Mechanics Bank and Rabobank, N.A., a subsidiary of Rabobank Group, announced Mechanics Bank and Rabobank Group have entered into a definitive agreement pursuant to which Mechanics Bank will acquire Rabobank, N.A. in a strategic business combination transaction. The transaction has been approved by each party’s authorizing board of directors.
Mechanics Bank is a 114-year-old full-service community bank based in Walnut Creek, CA, with 44 branches throughout California and more than $6 billion in assets. Headquartered in Roseville, CA, Rabobank, N.A. is a nationally chartered bank with 100 branches and more than $13 billion in assets. The combined entity would operate under the Mechanics Bank name with 144 branches and in excess of $17 billion in total assets.
In the transaction, Mechanics will acquire Rabobank, N.A.’s retail, business banking, commercial real estate, mortgage and wealth management businesses. Not included in the transaction are Rabobank, N.A.’s food and agribusiness assets, which with limited exceptions will transfer to Rabobank, N.A.’s affiliate, Rabo AgriFinance located in St Louis, MO.
Total consideration for the transaction will be approximately $2.1 billion, subject to customary purchase price adjustments at closing. As part of the total consideration payable in the transaction, Rabobank Group will receive 9.9 percent of the outstanding shares of Mechanics Bank after giving effect to the transaction. Currently, 79 percent of Mechanics Bank’s outstanding shares are owned by Ford Financial Fund II.

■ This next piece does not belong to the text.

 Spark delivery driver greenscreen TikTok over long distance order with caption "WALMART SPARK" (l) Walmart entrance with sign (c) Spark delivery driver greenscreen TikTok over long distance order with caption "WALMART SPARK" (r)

“Bringing Rabobank, N.A. together with Mechanics Bank gives us a great opportunity to fill an established gap between the big banks and smaller community banks throughout the state,” said John DeCero, President and CEO of Mechanics Bank. “We are two established institutions with values and principles that align closely. There’s very little geographic overlap and significant potential for value creation for both parties to this combination, and we believe that the new Mechanics Bank will be able to leverage our common strengths at a scale that will benefit all of our clients, our shareholders, and the communities we serve.”
“This is a unique opportunity to merge two high-performing consumer and commercial banks with common values and deep roots in California,” said Mark Borrecco, CEO of Rabobank, N.A. “Both organizations take pride in putting their customers first and possess a strong sense of community.”
Completion of the transaction is subject to customary closing conditions, including the receipt of required regulatory approvals. The transaction is expected to close in the third quarter of 2019. Customers of both banks should continue to do business with their current bankers, and expect little to change as the two organizations prepare to combine.
Lazard Freres & Co. LLC served as financial advisor to Rabobank, N.A., and Sullivan & Cromwell LLP served as legal advisor. Wachtell, Lipton, Rosen & Katz served as legal advisor for Mechanics Bank, and Credit Suisse Securities (USA) LLC served as financial advisor.